According to a report in HTAuto, Suzuki Motors plans to take full control of its Pakistan operations and delist Pak Suzuki Motor Company shares from the Pakistan Stock Exchange. This was done in the context of Pakistan’s economy experiencing a difficult external environment and large fiscal and external deficits.
Pak Suzuki assembles Suzuki cars and motorcycles in Pakistan and posted losses in 2019, 2020 and 2022. The company cited financial losses as one of the main reasons for delisting. Elaborating on the situation in Pakistan, Director Pak Suzuki’s statement said, “Due to the difficult external environment, catastrophic floods, and policy failures, the fiscal year 2022-23 will see huge fiscal and external deficits, rising inflation, and preparedness. “This has led to the erosion of deposit buffers.”
What is hitting the automotive industry in Pakistan?
Simply put, almost everything.

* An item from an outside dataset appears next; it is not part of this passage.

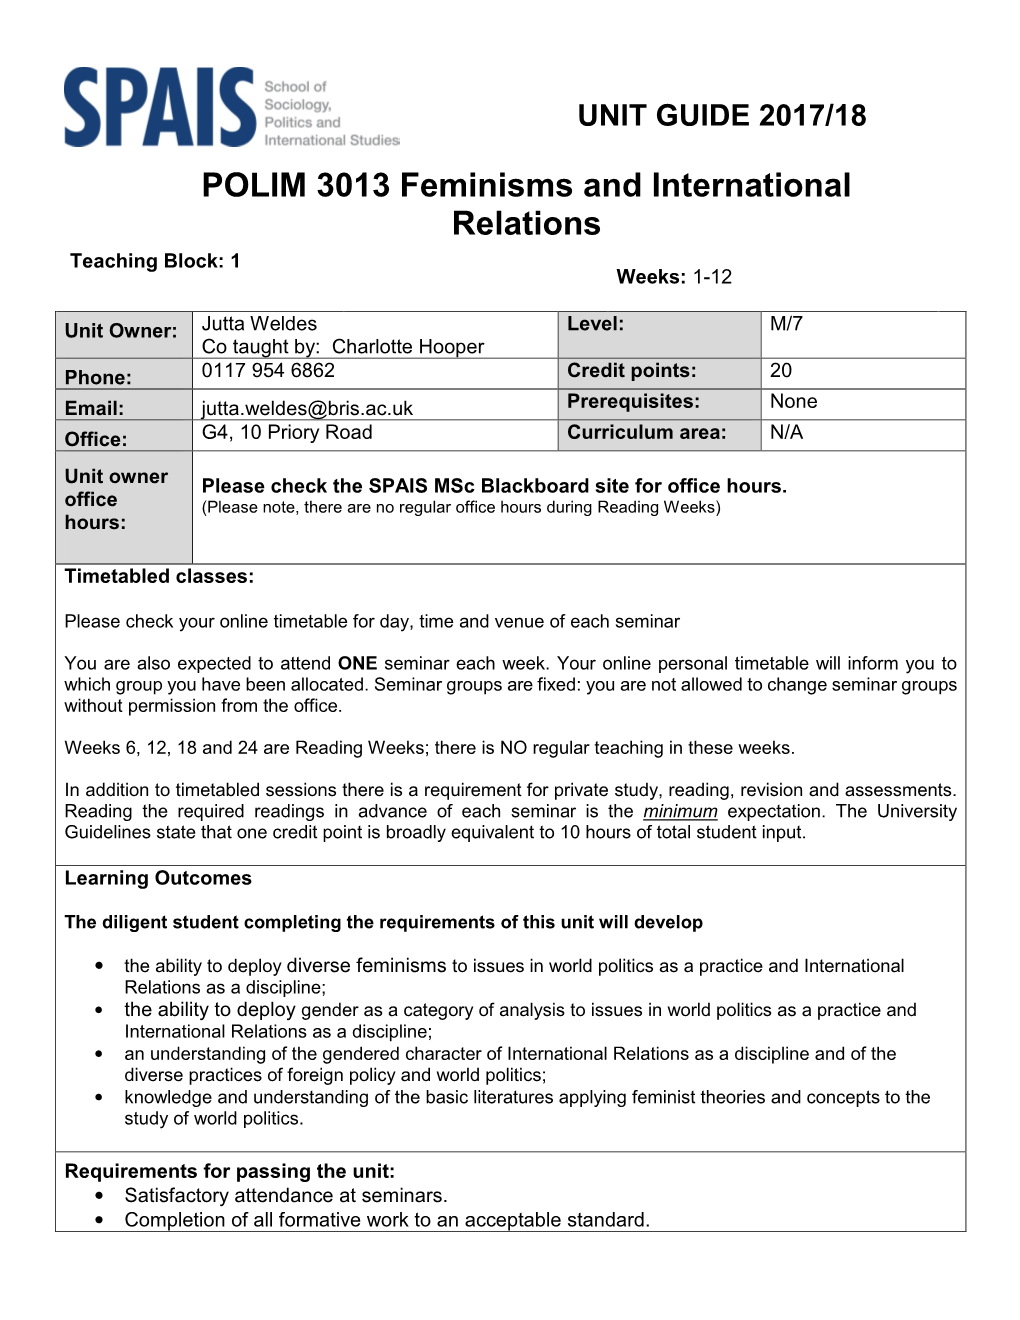 POLIM 3013 Feminisms and International Relations Teaching Block: 1 Weeks: 1-12

Pakistan is experiencing one of the most difficult economic times in its history, and the country’s automotive sector is not immune to the turmoil. Pak Suzuki’s 2023 Semi-Annual Report reveals the current state of the Pak Automotive industry.
A report released in June said that the unprecedented depreciation of the Pak rupee, rising interest rates, political instability, rising inflation and government import control measures are having a negative impact on Pakistan’s economy. The large scale manufacturing (LSM) sector experienced a decline of 10.26% in the financial year July 2022 to June 2023 (FY2023), the report said. Pakistan’s fiscal year runs from July 1st to June 30th.
During this period, the share of the automotive sector declined by 2.21% in LSM during FY23. Exports to the automobile industry were also hit, falling from $32.5 billion in FY22 to $27.9 billion in FY23. The amount of remittances in FY23 also decreased to $27.9 billion compared to $31.3 billion in FY22.
Similarly, imports into Pakistan also declined to $52 billion due to strict import restrictions imposed by the State Bank of Pakistan (SBP). This reduced Pakistan’s current account deficit (CAD) to $2.6 billion in FY23 from $17.5 billion in the previous fiscal.
pakistan auto industry
Pakistan’s automobile sector saw a significant decline in sales from the second half of 2022 due to import restrictions imposed by the SBP on the import of complete knockdown (CKD) kits. Due to import restrictions, the manufacturer will no longer be able to produce it in 2023. OEMs were forced to opt for “non-production dates” (NPDs).
Import restrictions will be eased in June 2023, which is likely to remove supply constraints and could lead to improvements in manufacturing.
Popular cars in Pakistan
Popular cars in Pakistan’s automobile industry include familiar names such as Honda City and Civic, Suzuki Alto, Wagon R Swift, Cultus (Celerio), Toyota Corolla and Yaris.These names and the cars themselves are very similar to what these companies sell in the Indian market, but the prices in Pakistan are much higher
For example, the Maruti Suzuki Swift is priced from Rs 60,000 (ex-showroom) in India. According to the prices posted on pakwheels.com, the price of the same product in Pakistan starts from 42.6 million Pakistani Rupees. At current exchange rates, 1 INR is equivalent to 3.31 PKR as of October 23, 2023.
So, even after adjusting for currency, the Swift price in Pakistan is over Rs 12.5 million in Indian Rupees. The story is the same for other cars. For example, Suzuki Alto’s price starts at Rs 22.5 million ex-showroom. The price of Suzuki Jimny is a whopping 60.49 million rupees.